ISLAMABAD (AP) — Pakistani fashion model Qandeel Baloch, who recently stirred controversy by posting pictures of herself with a Muslim cleric on social media, was strangled to death by her brother, police said Saturday.

Her parents told police one of her six brothers strangled her to death as she slept in the family's home in Multan, police spokeswoman Nabila Ghazanfar told The Associated Press. She said police are searching for the suspect.

Pakistani police officers stand beside volunteers unloading the dead body of fashion model Qandeel Baloch upon arrival at a local hospital in Multan, Pakistan, July 16, 2016. (AP Photo/Asim Tanveer)

Baloch, whose real name was Fauzia Azeem, was little known until recently, when she offended many religious conservatives by posting pictures of herself with Mufti Qavi, a prominent Muslim cleric. She said the two of them enjoyed soft drinks and cigarettes together during the daylight hours in the holy month of Ramadan, when practicing Muslims fast from dawn to dusk.
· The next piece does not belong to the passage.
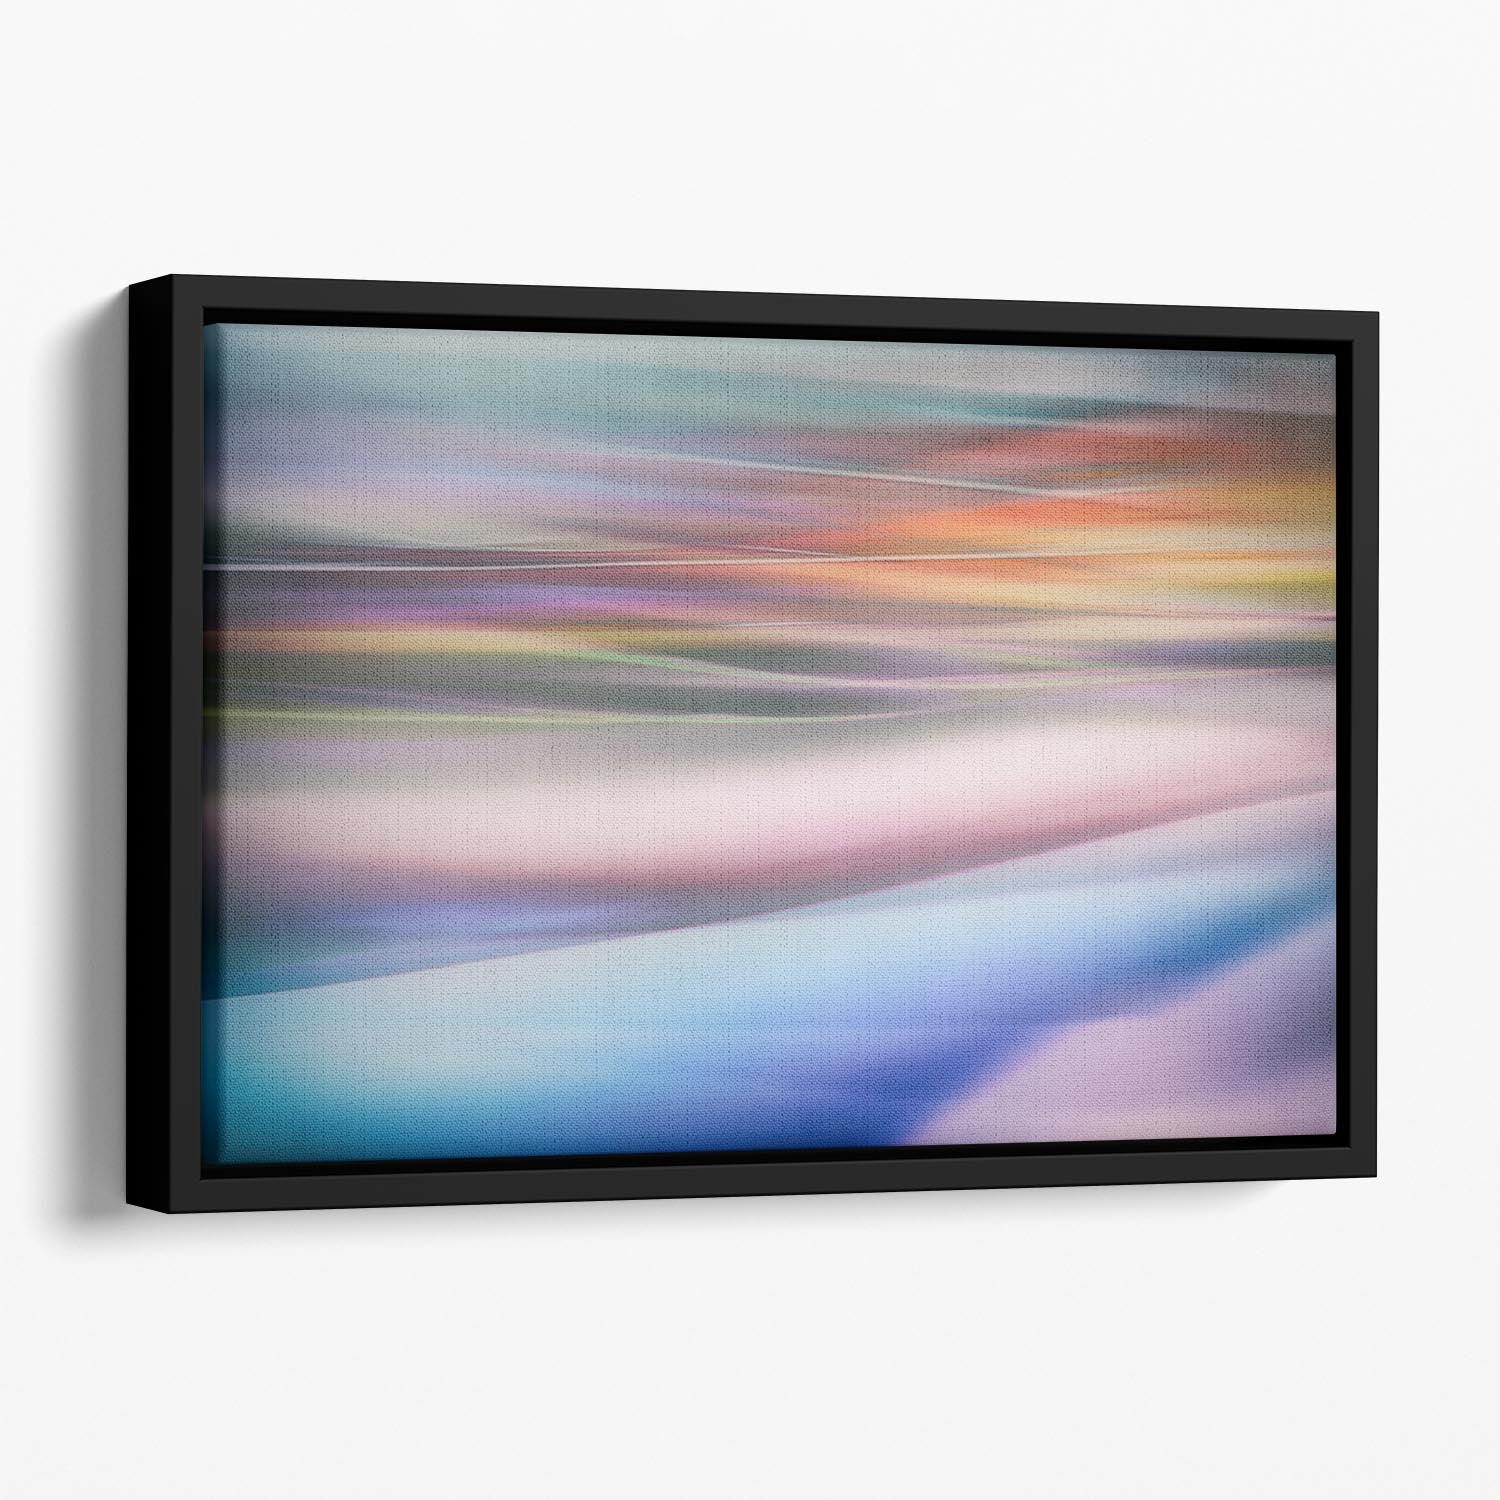 Coloured Waves 2 Floating Framed Canvas - Canvas Art Rocks - 1

The pictures and allegations caused a scandal in predominantly Muslim Pakistan, and the government removed Qavi from the official moon-sighting committee that determines when Ramadan starts and ends in accordance with the Islamic lunar calendar.

In this picture taken on June 28, 2016, Qandeel Baloch speaks during a press conference in Lahore, Pakistan. (AP Photo/M. Jameel)

Baloch had said Qavi told her he wanted to see her face before the committee met to determine the Eid al-Fitr holiday marking the end of Ramadan, which was observed earlier this month.

Qavi denied the allegations, saying he only met with her to discuss the teachings of Islam.

Earlier this month, Baloch sought protection from government, saying she was receiving anonymous death threats.

Hundreds of Pakistani woman are murdered by family members each year in so-called honor killings, which are seen as punishment for violating religious customs.